While Jenkins CI is extensible with very many plugins available out there, enabling and configuring a plugin gets cumbersome as the number of job types to configure rises. This is just to explain my personal aversion to experimenting with plugins on Jenkins for our project.

The Jenkins service webpage itself does not offer creating a simple aggregated view across a number of job types to allow for a simple, concise, single page view. Natively, there is just the single job type trends $JOB_URL/buildTimeTrend page (see below).

A view which immediately tells whether there is an infrastructure problem (such as loss of connectivity) or conveys straight away that everything passes on Jenkins,  seems to be missing. Such a view or feature is even more important in an environment suffering from occasional transient issues. Basically, we wanted a combination of JENKINS/Dashboard+View and JENKINS/Project+Statistics+Plugin, yet a lot simpler (see below).
So yes, we coded up our own wheel, circular just according to our liking and thus developed the jenkins-watcher application.

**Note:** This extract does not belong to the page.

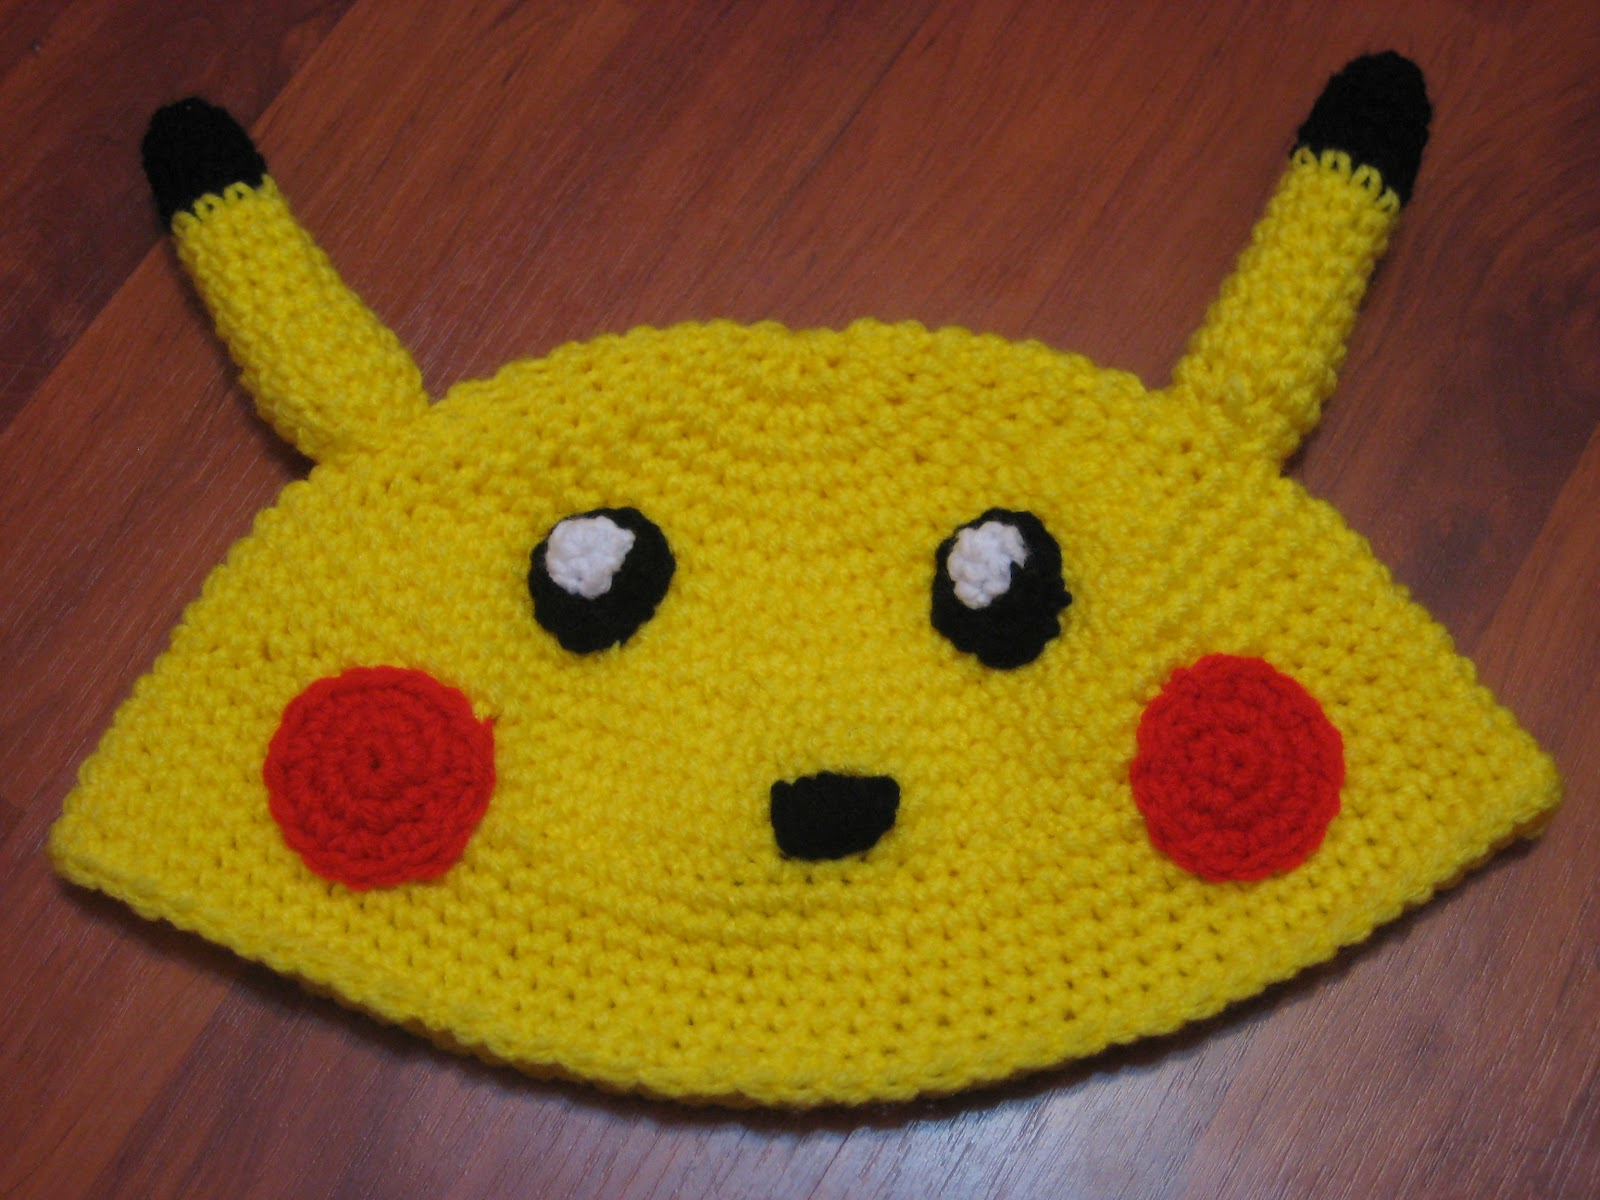 Crochet Warrior: Crochet

The application is freely available from this repository, deploys on the Google App Engine platform and so utilizes certain platform features like Datastore, Cron jobs, TaskQueue and Access Control. A single configuration file contains mainly Jenkins CI server access credentials and job type names we are interested in. The above repository merely provides a template of this (secret) config file. AngularJS is used on the frontend and a smashing Jenkins API Python library is used to communicate from Python to the Jenkins CI server through its REST API. See below the result view it provides, the screenshot is cropped to show only 5 job types and their builds within the last 24 hours:

Colour coding in green (passed), red (failed) and grey (aborted) shows a build status and is in fact just standard Jenkins colour coding. Each table row corresponds to 1 build of the build ID, build timestamp (start of the build), build duration, number of test cases which passed (P), failed (F), were skipped (S), or suffered from errors (E). The last item in the row is a direct link to the build console output, very handy for immediate inspection. In my experience, this is enough for a Jenkins babysitter?s swift daily checks. This is nothing fancy: no cool stats, graphs or plots. It is just a brief, useful overview.

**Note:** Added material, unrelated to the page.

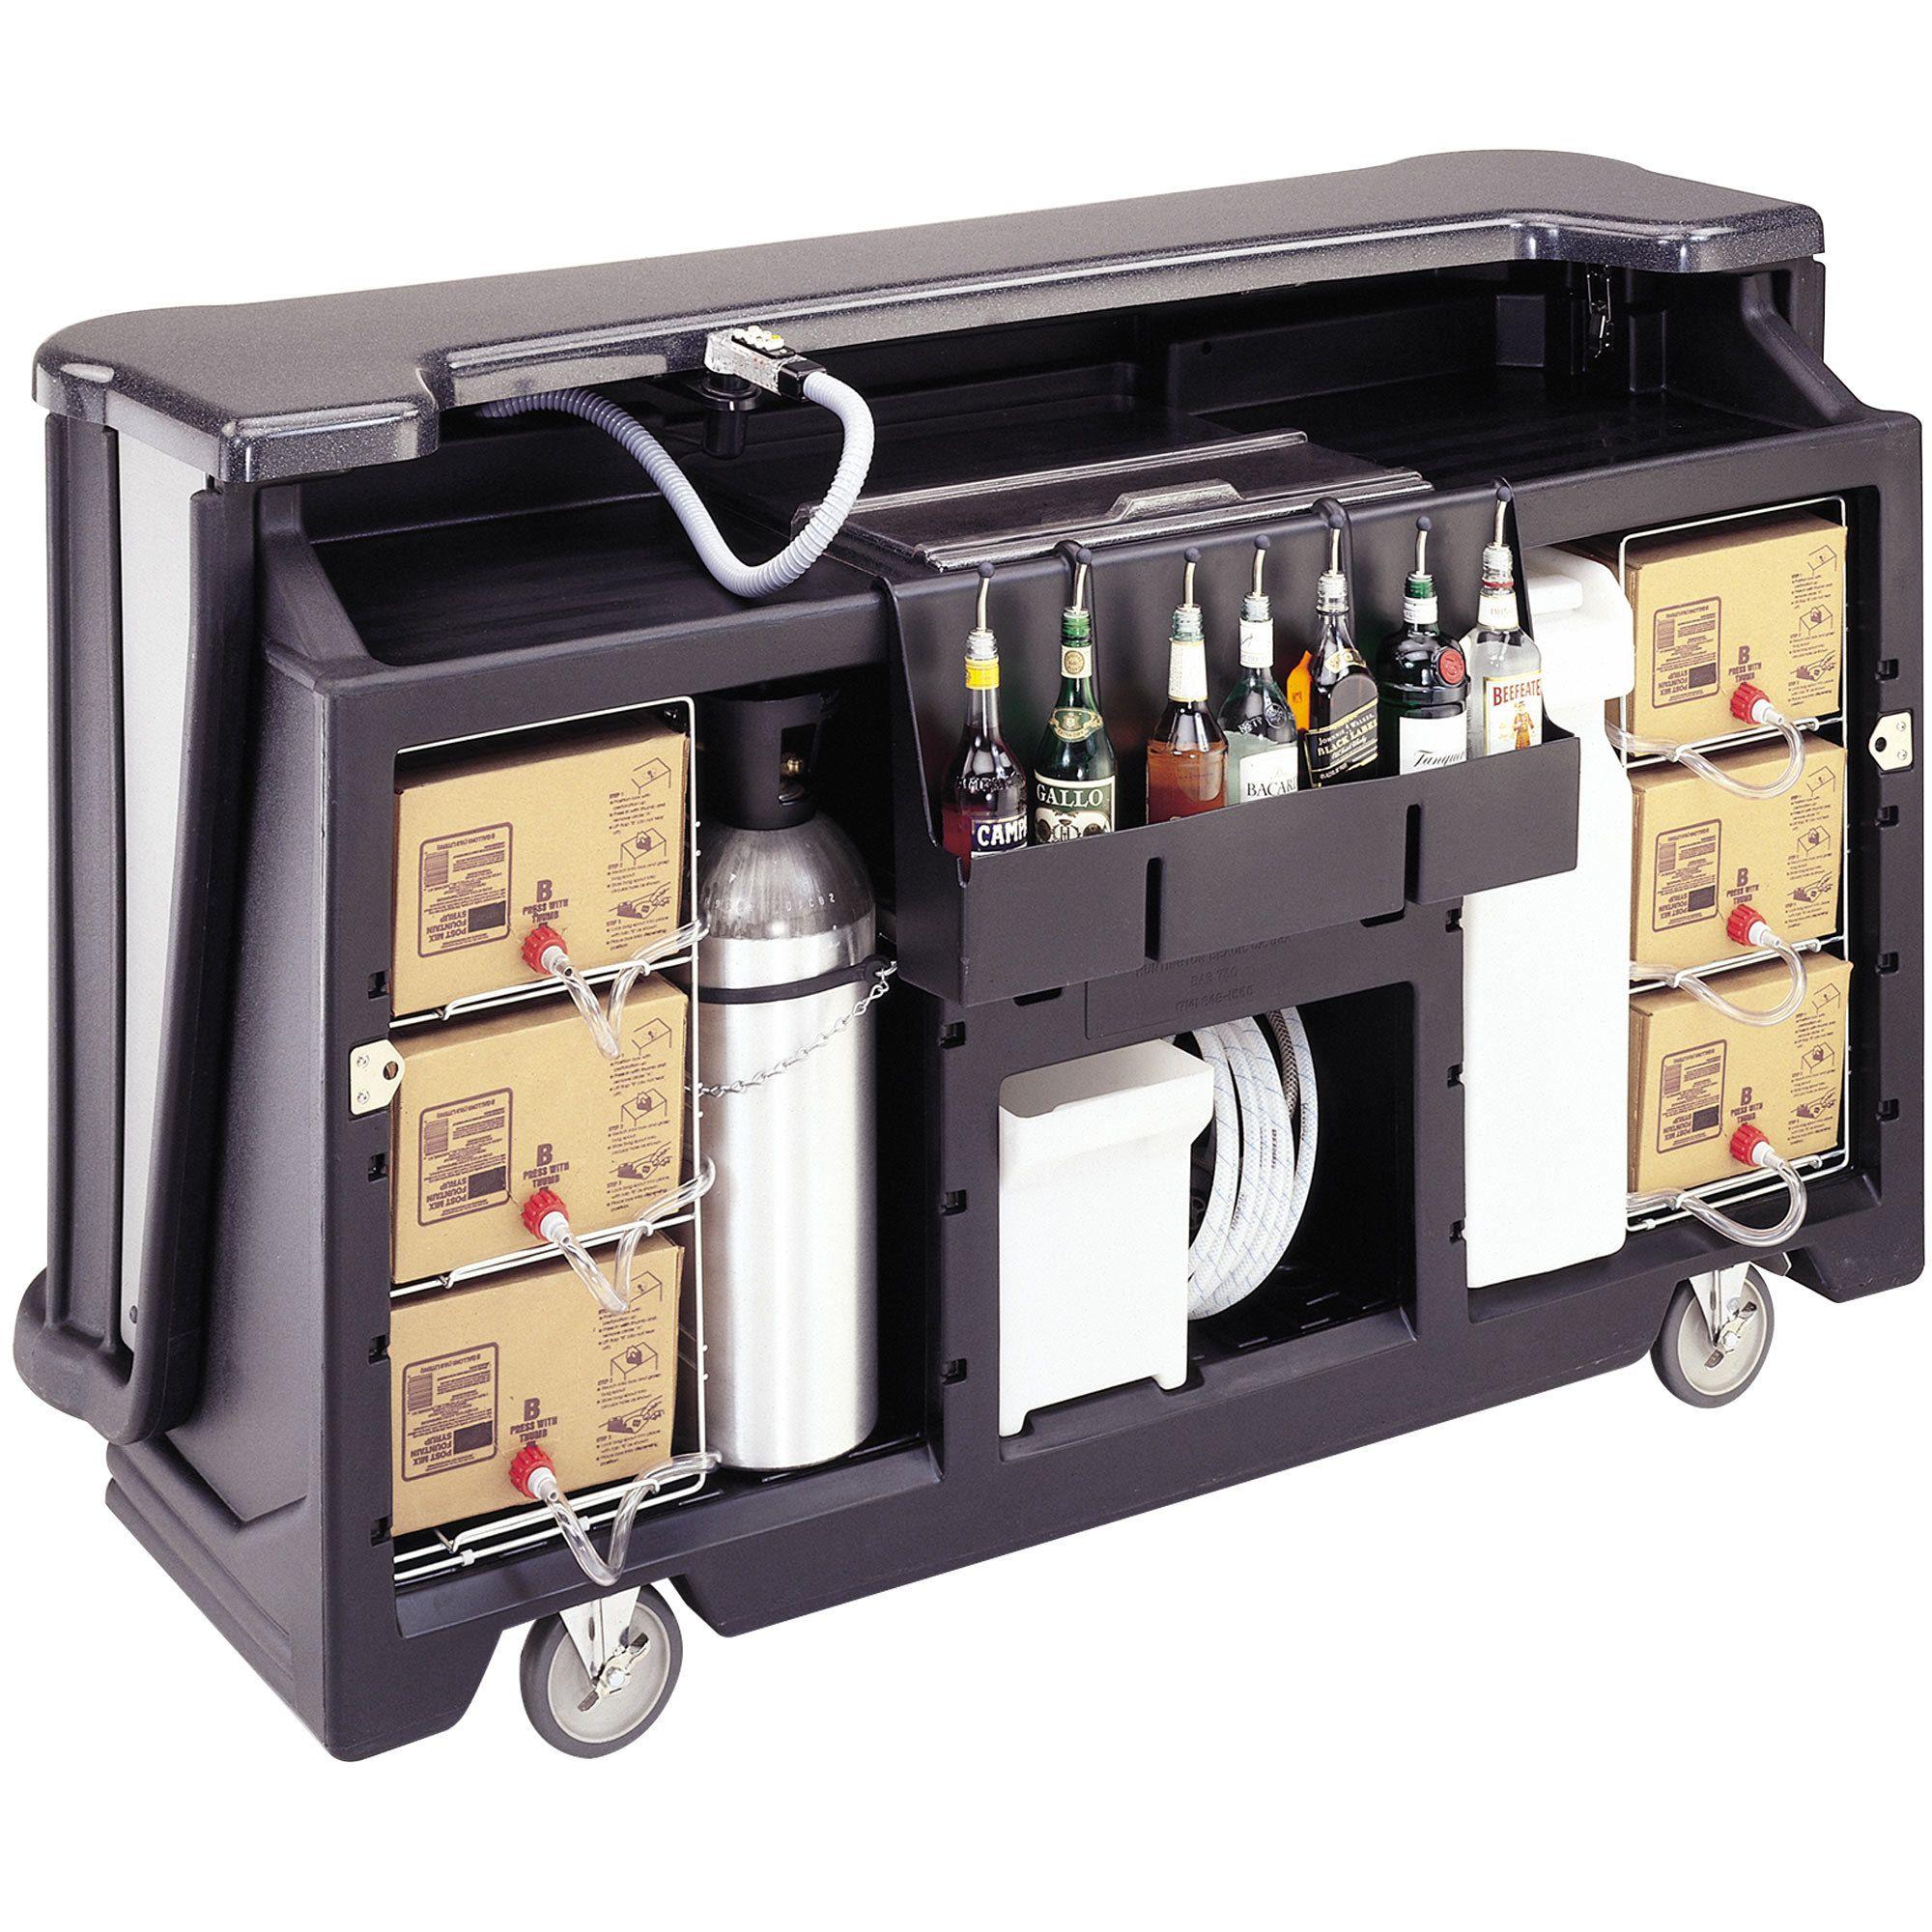 Rack For Bar730 Portable Bars

The application also performs periodic checks and aborts builds which take too long (yes, a Jenkins plugin with this functionality exists as well).

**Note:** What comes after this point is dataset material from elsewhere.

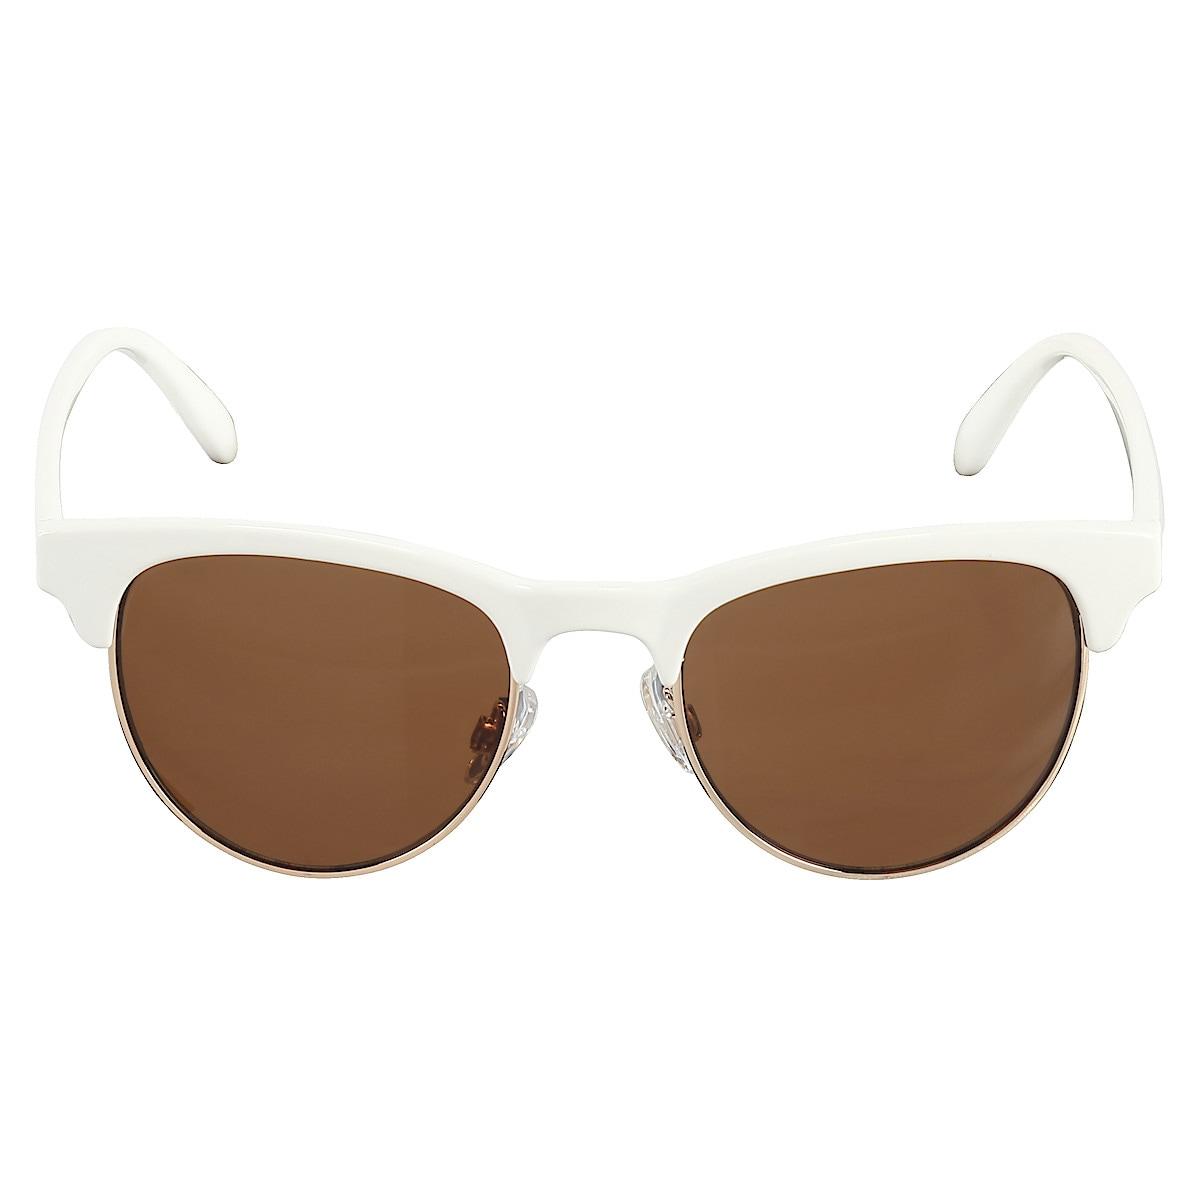 Plastic/Metal Sunglasses

For example, at a glance it?s obvious that the following failed builds suffer from some kind of transient infrastructure problems: no tests were run, nothing failed, the builds were marked as failure since some command in either their prep or build scripts failed:

Or let?s take a look at another situation proving how simple visualisation can sometimes be very useful and immediately hint-providing. We observed a test case, interestingly only on just one particular job type, which sometimes ended up with a ?Connection refused? error between the Selenium driver and the web browser (in the remote mode):

Only after seeing the failures visualized, the pattern struck us. We immediately got an idea that something is rotten in the state of Denmark shortly after midnight: from that point on, the previously mysterious issue boiled down to an erroneous cronjob command. The killall command was killing everything and not just what it was supposed to (bug filed here):

killall --older-than 2h -r chromedriver

Once we fixed the cronjob with a more complex but functional solution, without the killall command this time, so that the builds had not the chromedriver blanket pulled from under them while running, the mysterious error disappeared.

Summary, conclusion

Jenkins CI proved in general very useful for our Portal project. Keeping its configuration minimal and handling it externally worked most efficient. The custom jenkins-watcher application provides useful, aggregated, dashboard-like view. It is very easily configurable and not in any way dependent on the base project - take it for free, configure a bit and push as your own Google App Engine project. The visualisation can sometimes be a useful debugging tool.